Exercise prompt
Starting with the line containing "The Royal Greenhouses" and going on through the line containing "Tweed Grey Modi Nehru Jacket", return the lines of the data below exactly, and only those.

Segment Start: Exercise input

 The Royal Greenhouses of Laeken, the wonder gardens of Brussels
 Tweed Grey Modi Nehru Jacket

Segment End: Exercise input
Segment Start: Exercise input

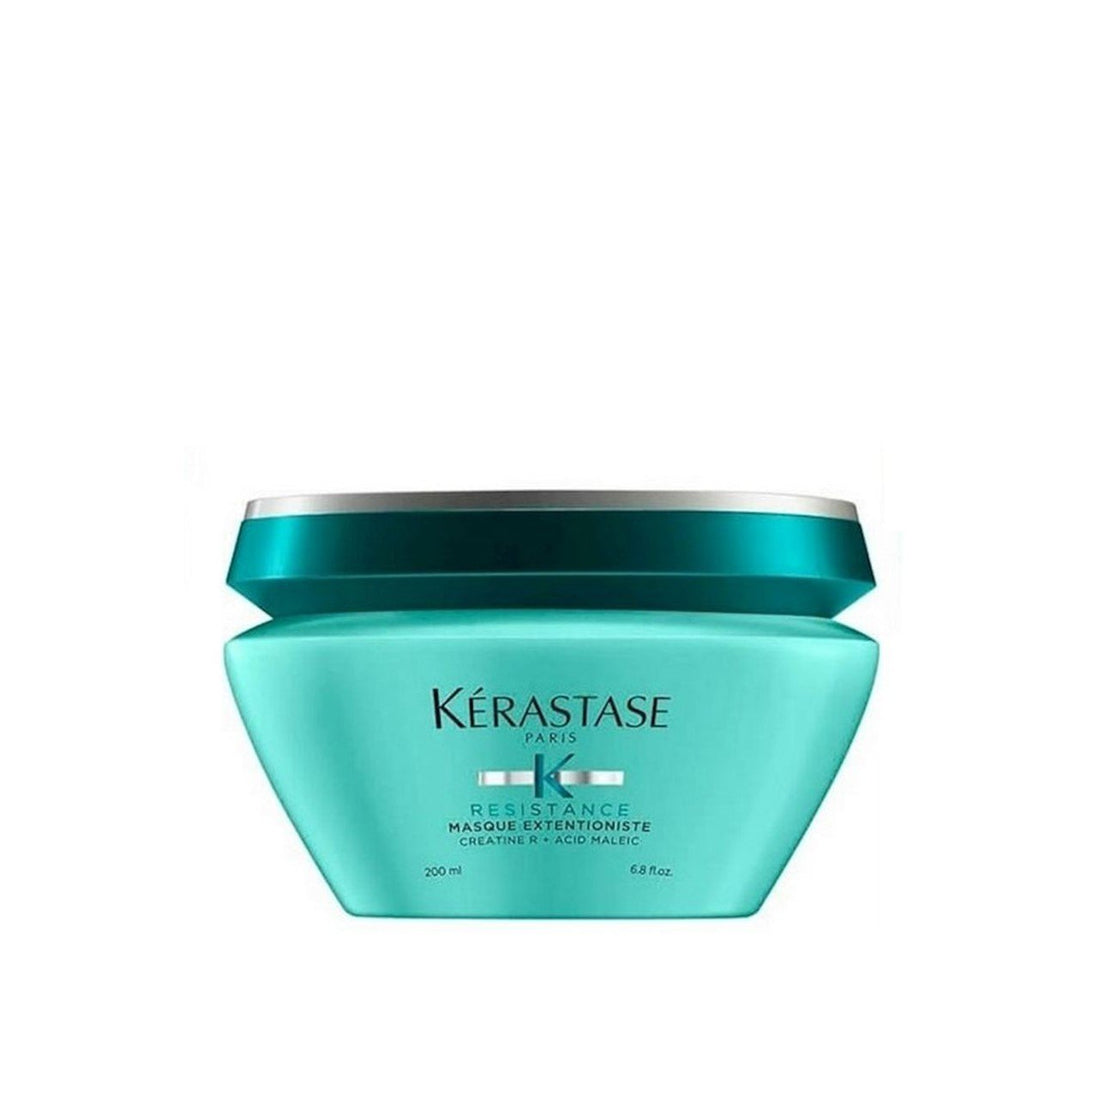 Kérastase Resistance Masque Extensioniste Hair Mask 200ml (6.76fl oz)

Segment End: Exercise input

Result
 The Royal Greenhouses of Laeken, the wonder gardens of Brussels
 Tweed Grey Modi Nehru Jacket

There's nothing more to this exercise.